The next MEPCO is coming ... to Bulgaria, in early August, 1999!
For details on this astronomical conference just before the total solar eclipse click here!

New: every page on two servers, in Europe and the U.S.!
Update # 128 of May 4th, 1999 at 18:55 UTC

ABRIXAS in orbit but broken

Power supply down, contact lost after 2 days

The launch was on time, the orbit is perfect - but the mission of the German X-ray satellite ABRIXAS (see previous update for details & links!) could still be over before it began. It seems that the connection between the reloadable battery and the power system is broken: Already 3 hours after launch the first indications of power trouble were seen, two days later communications with the spacecraft were lost. There is still moderate hope: At the end of June ABRIXAS' solar arrays will be baked in sunlight, raising the possibility of reloading the battery. The flight controllers then hope to reestablish control and try to fix the problem from afar.

The launch on April 28 had taken place at 20:30 UTC as planned, and at 21:06 UTC the very first contact was made through Canberra. One hour later, at 22:05 UTC, the signal was aquired at the ground station in Weilheim, Germany, with telemetry flowing 5 minutes later. All systems on board were in excellent condition at that time. But during the 2nd contact two hours later a raised temperature in the battery was noted, and at 0:15 UTC on the 29th a rapid change in voltage indicated major trouble. For two days contact could be held with the help of an additional battery, but late on the 30th the signal from the satellite was lost and hasn't been recovered since, despite international efforts. Even if the power supply comes back in June, it is still questionable whether the complete sky survey will ever be possible.

A Kosmos-3M (11K65M) rocket had carried the 500 kg satellite on the first orbital launch from GTsP-4 (State Test Range 4) at Kapustin Yar since 1988 (and the first-ever launch there for a paying customer). According to Jonathan's Space Report, "ABRIXAS separated from the Kosmos-3M second stage one hour after launch into a 544 x 603 km x 48.4 deg orbit. The 48.4 deg inclination was familiar to Soviet space watchers in the early 1960s, used by Kosmos satellites on 63S1 rockets from Kapustin Yar, but this is the first time it's been used since 1973." A secondary payload on the same launch, to quote Jonathan's Space Report again, "was Megsat-0, a small technology development satellite built and owned by MegSat, the space division of the Gruppo Meggiorin companies based in Brescia (Italy). The 0.4-meter box has a mass of 35 kg. It carries an experimental high bit rate data transmission payload."

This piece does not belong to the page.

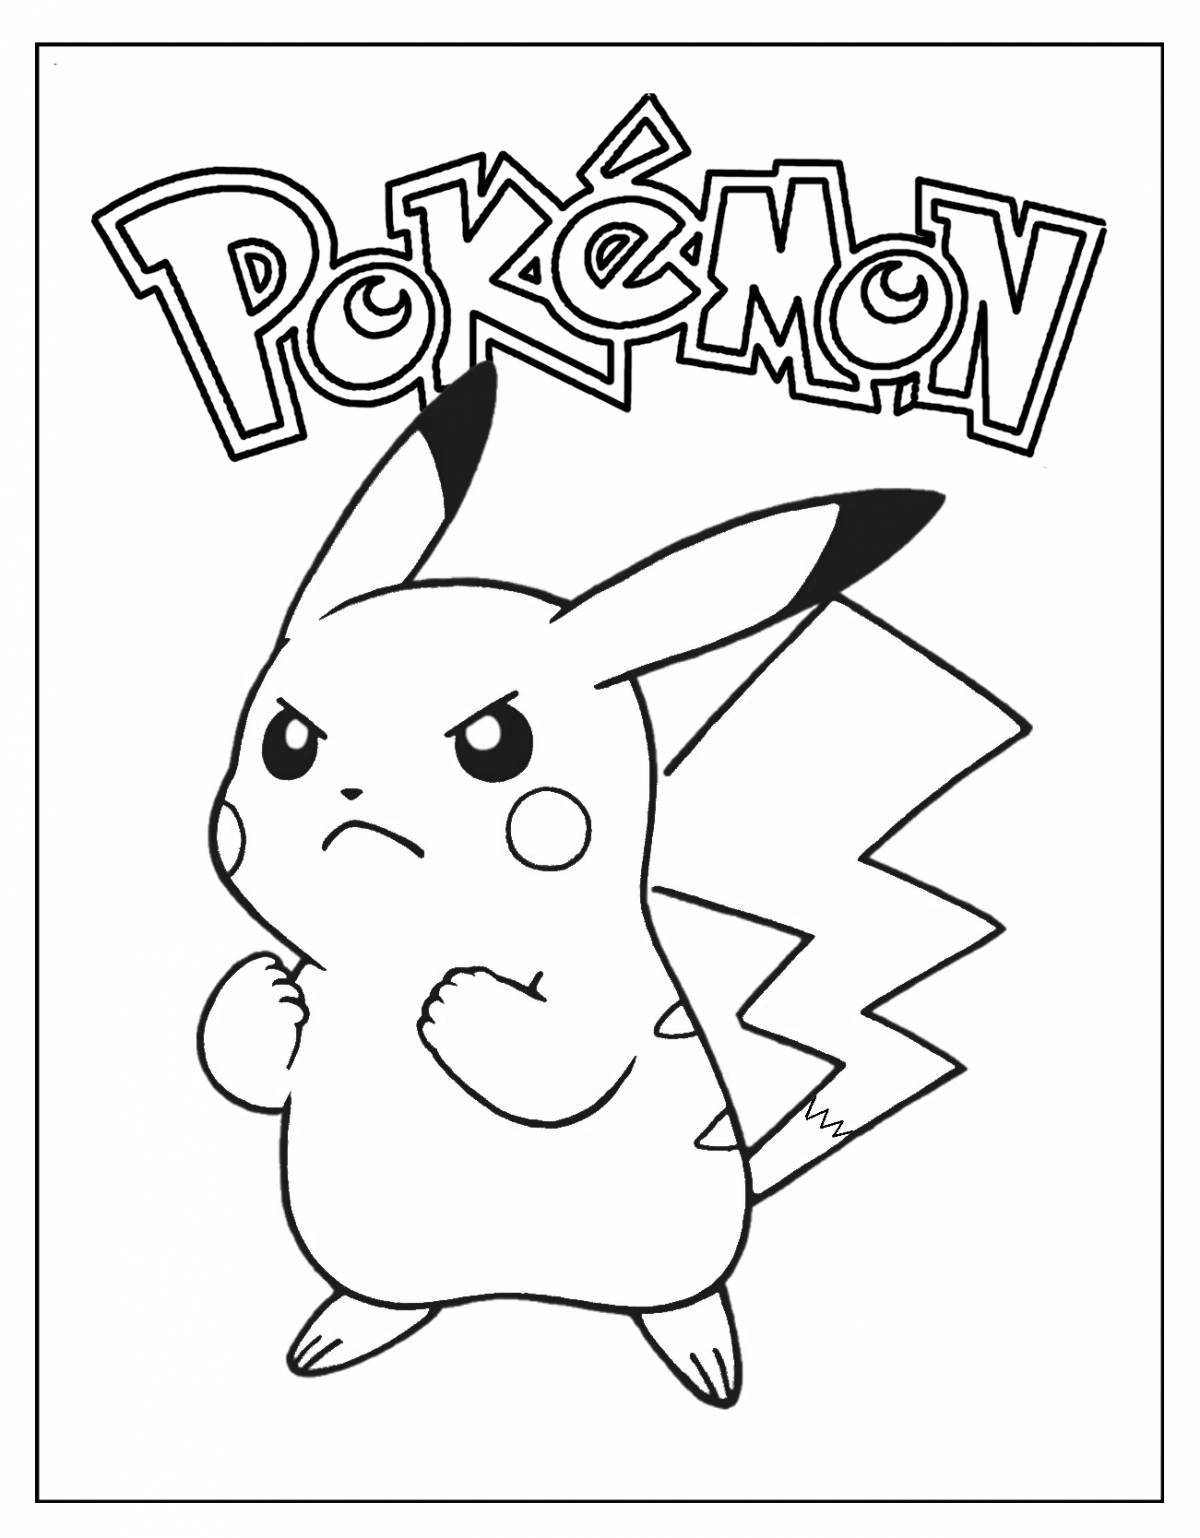 Pikachu funny coloring book
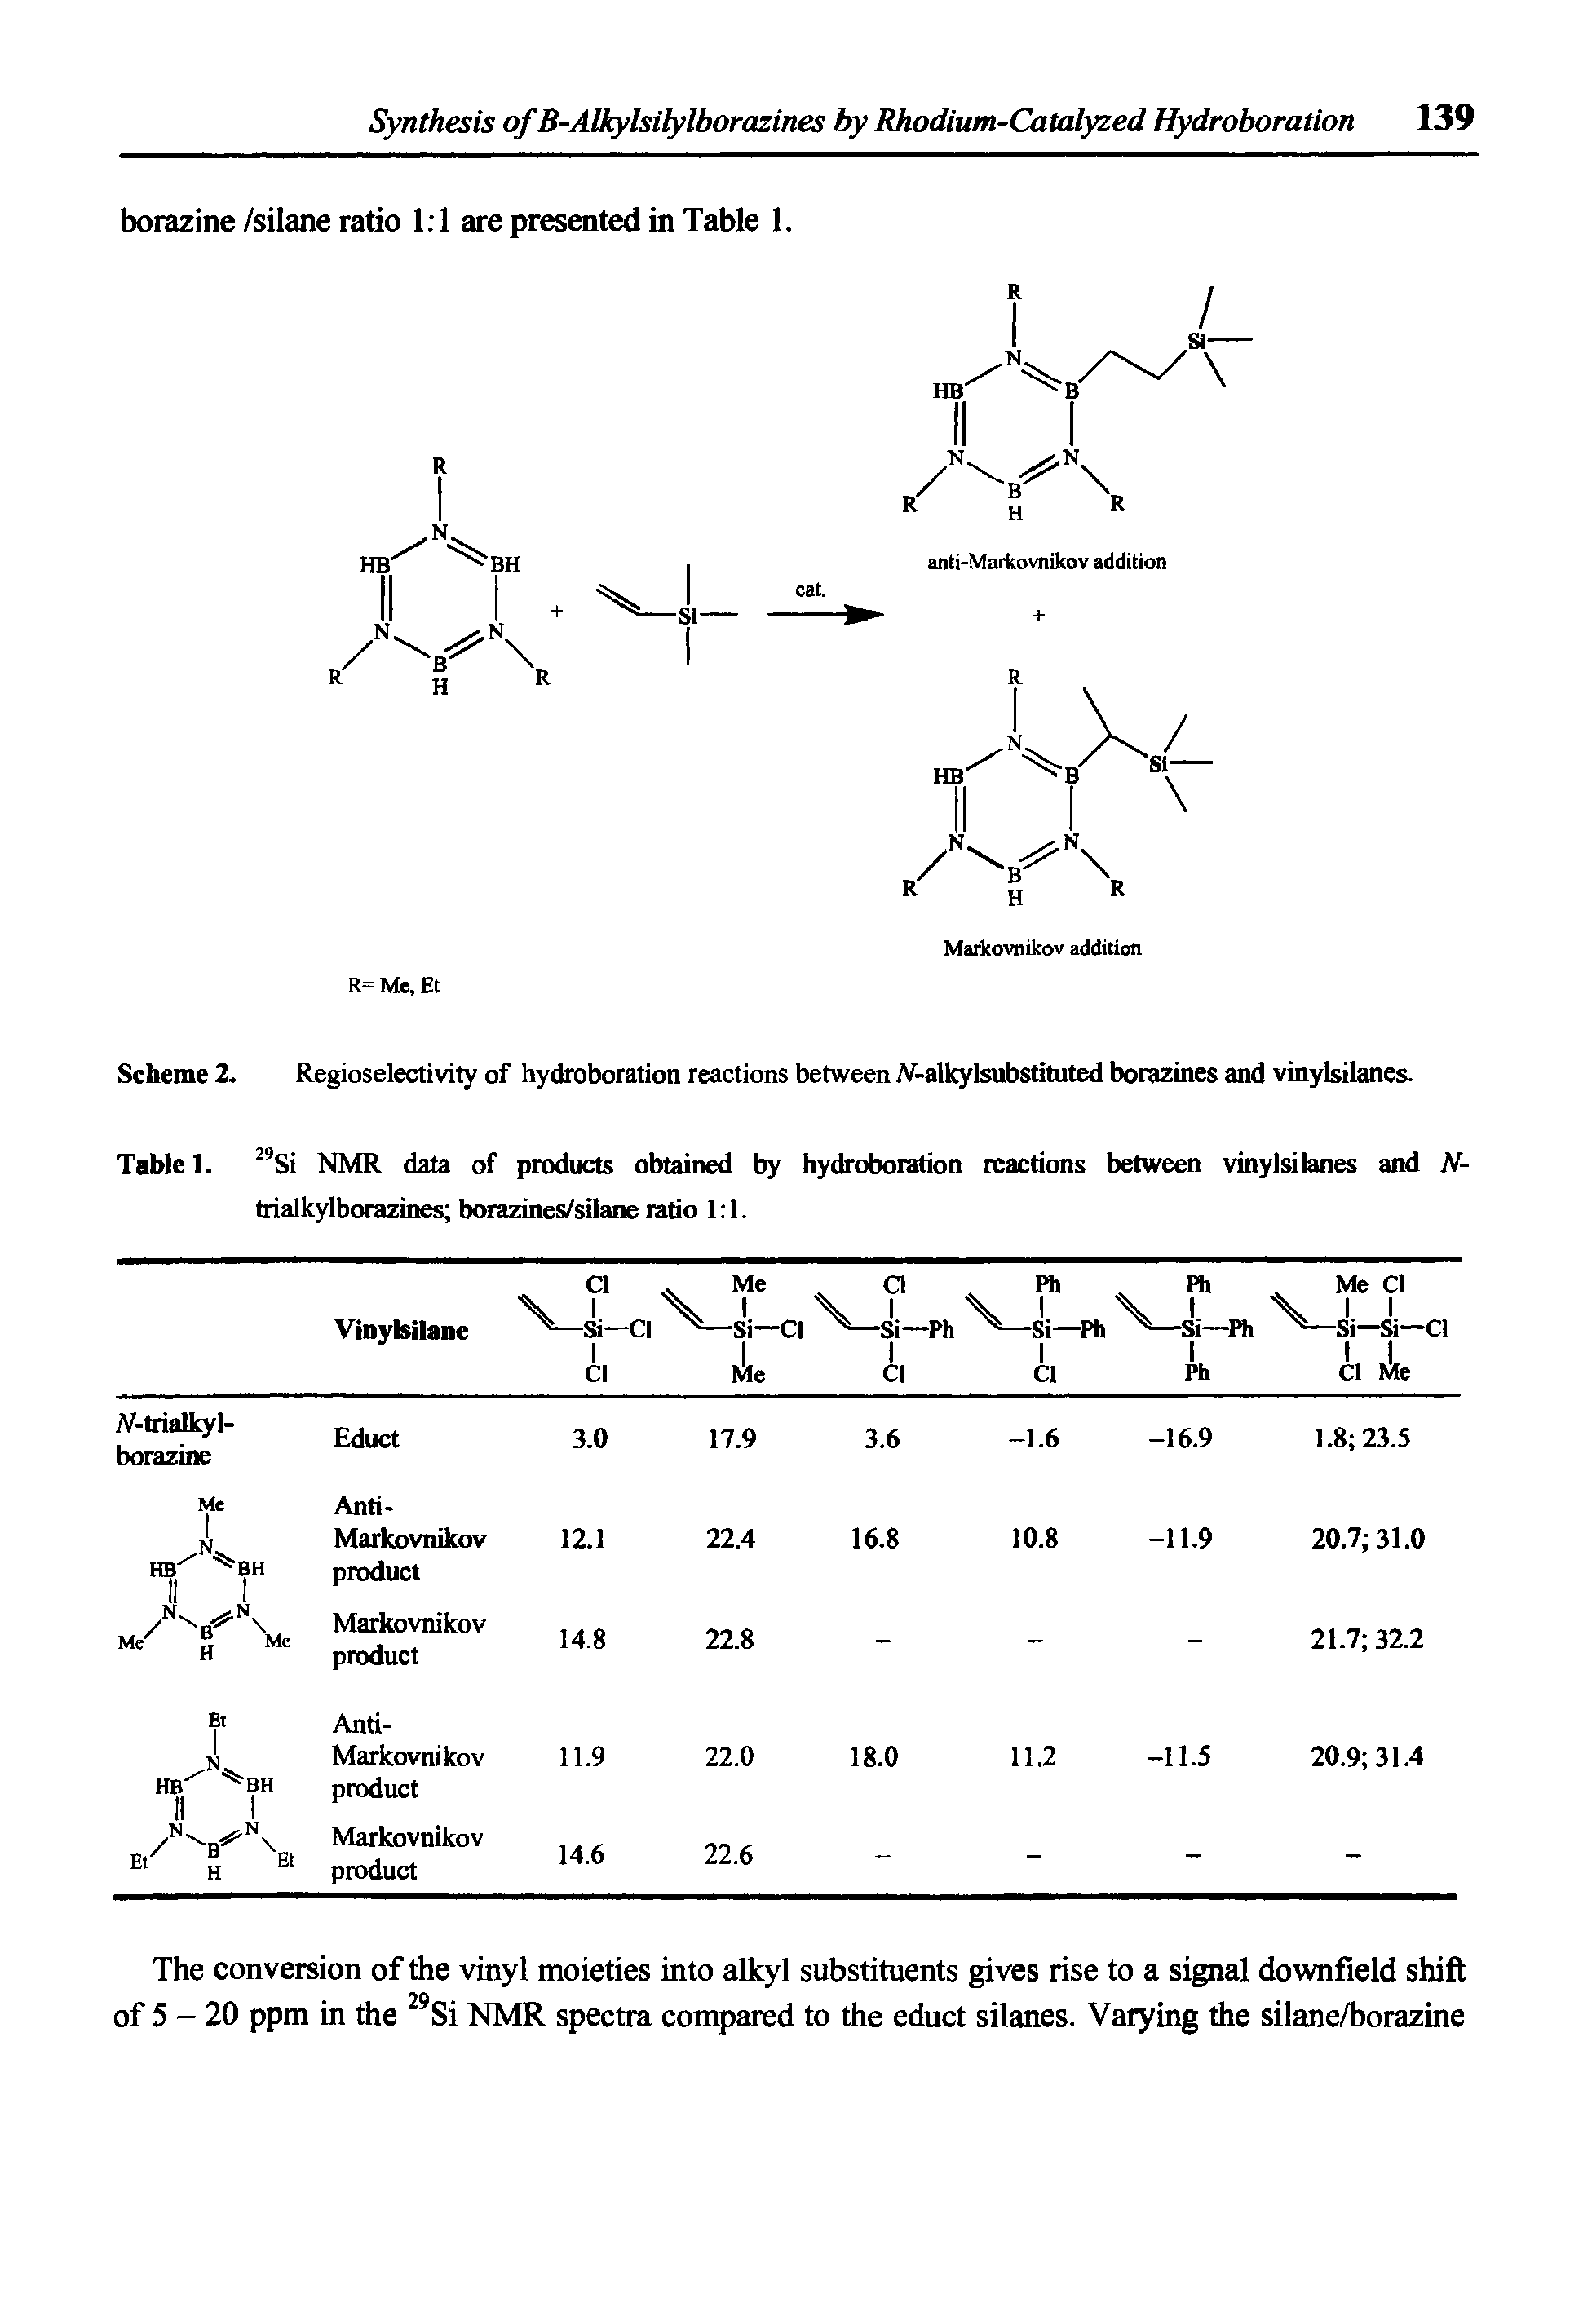 Scheme 2. Regioselectivity of hydroboration reactions between AT-alkylsubstituted borazines and vinylsilanes.

New homepage of ABRIXAS (only this page will be updated frequently, I'm told).
The OHB's status & picture page is of little help; try the ABRIXAS pages from DLR (in German) instead.
Technical details and a scientific paper on ABRIXAS.
SpaceViews coverage (the other media around the world basically slept through the event...).
The MegSat secondary payload.

Ikonos 1 lost; replacement coming soon

The payload fairing of the Athena rocket failed to separate, and the additional weight prevented the rocket with the Ikonos 1 satellite to reach orbit. But that's not the end: As John Copple, CEO of Ikonos' Space Imaging company, has said immediately after the launch failure had become clear, there were already "contingency plans in case something like this happened. [...] Our business plan will be delayed, [but] we are confident that with the launch of IKONOS 2 we will achieve our goals." Space Imaging and its prime contractor, Lockheed Martin Corporation, have begun an investigation into the anomaly and will determine as quickly as possible the appropriate corrective actions. IKONOS 2, an identical twin to IKONOS 1, has already been built as a backup in case of an anomaly such as this. No launch date has been set, though.

Space Imaging Homepage
Press Releases on the anomaly and the cause.
Florida Today, Astronomy Now and ABCNEWS coverage.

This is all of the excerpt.